Ethanol: the solvent you can make at home

Migrated topic.

Dorge

Chen Cho Dorge
OG Pioneer
Now a lot of people will scoff at working with ethanol for a lot of reasons... but swim like adapting things so he can work with it, even if it means its not AS effective. People seem to use Acetone when they could just use ethanol. I dont get it personally... there seems no advantage to that.
The best thing about ethanol is that you can make it at home... and no one is the wiser...
For a simple look at how to make your own home made hooch/solvent
check out the easy still... its like making coffee!

You dont have to worry about evaporating toxic solvents, and evaping ethanol can easily happen indoors.
There are advantages as well as disadvantages for sure... But THis is where i think learning the skills of herbalism come in really handy.
 
I must second benzyme's post... pure acetone is not toxic and it evaps clean, is a normal human metabolite and present in small amount in fruits and so on.

In any case, thanks for the input!

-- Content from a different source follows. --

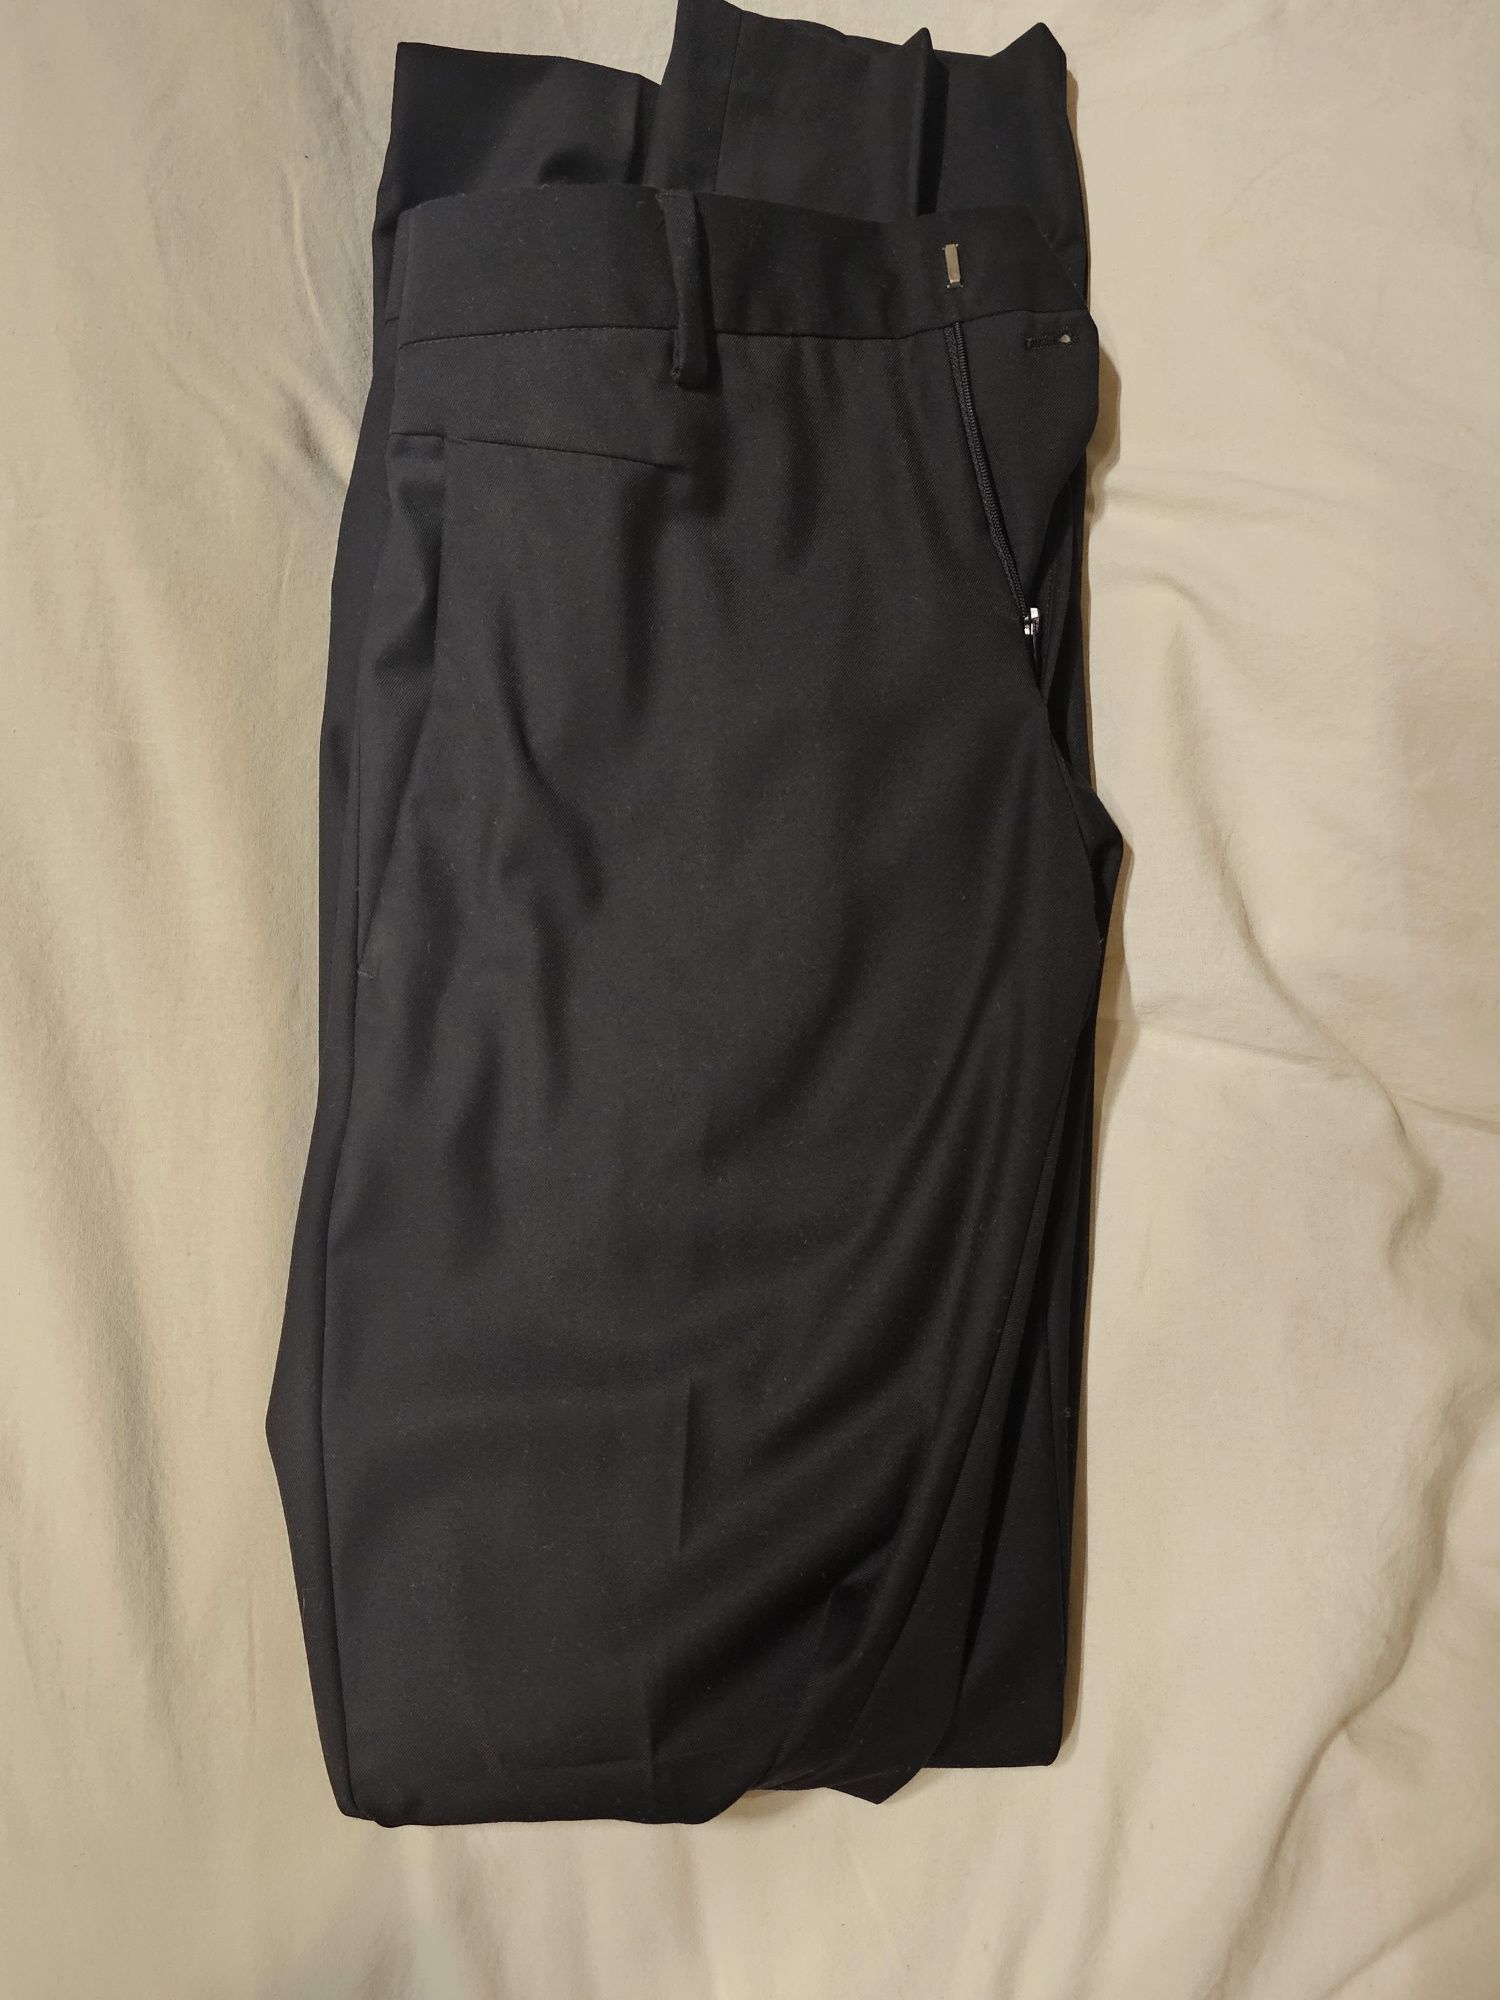 Pantaloni costum Antonio Morato Super Slim 46/30

I would love to get a still :)
 
I still dont want to breath it... I never said acetone was toxic, I talked about toxic solvents in general.... but let me ask you this smarmey ones... would you take a shot of acetone or any of your other solvents?
 
How much does it cost to produce a, say litre of ethanol when using easystill? How much more (or less) ecological is that compared to the production of the same amount of industrially produced ethanol?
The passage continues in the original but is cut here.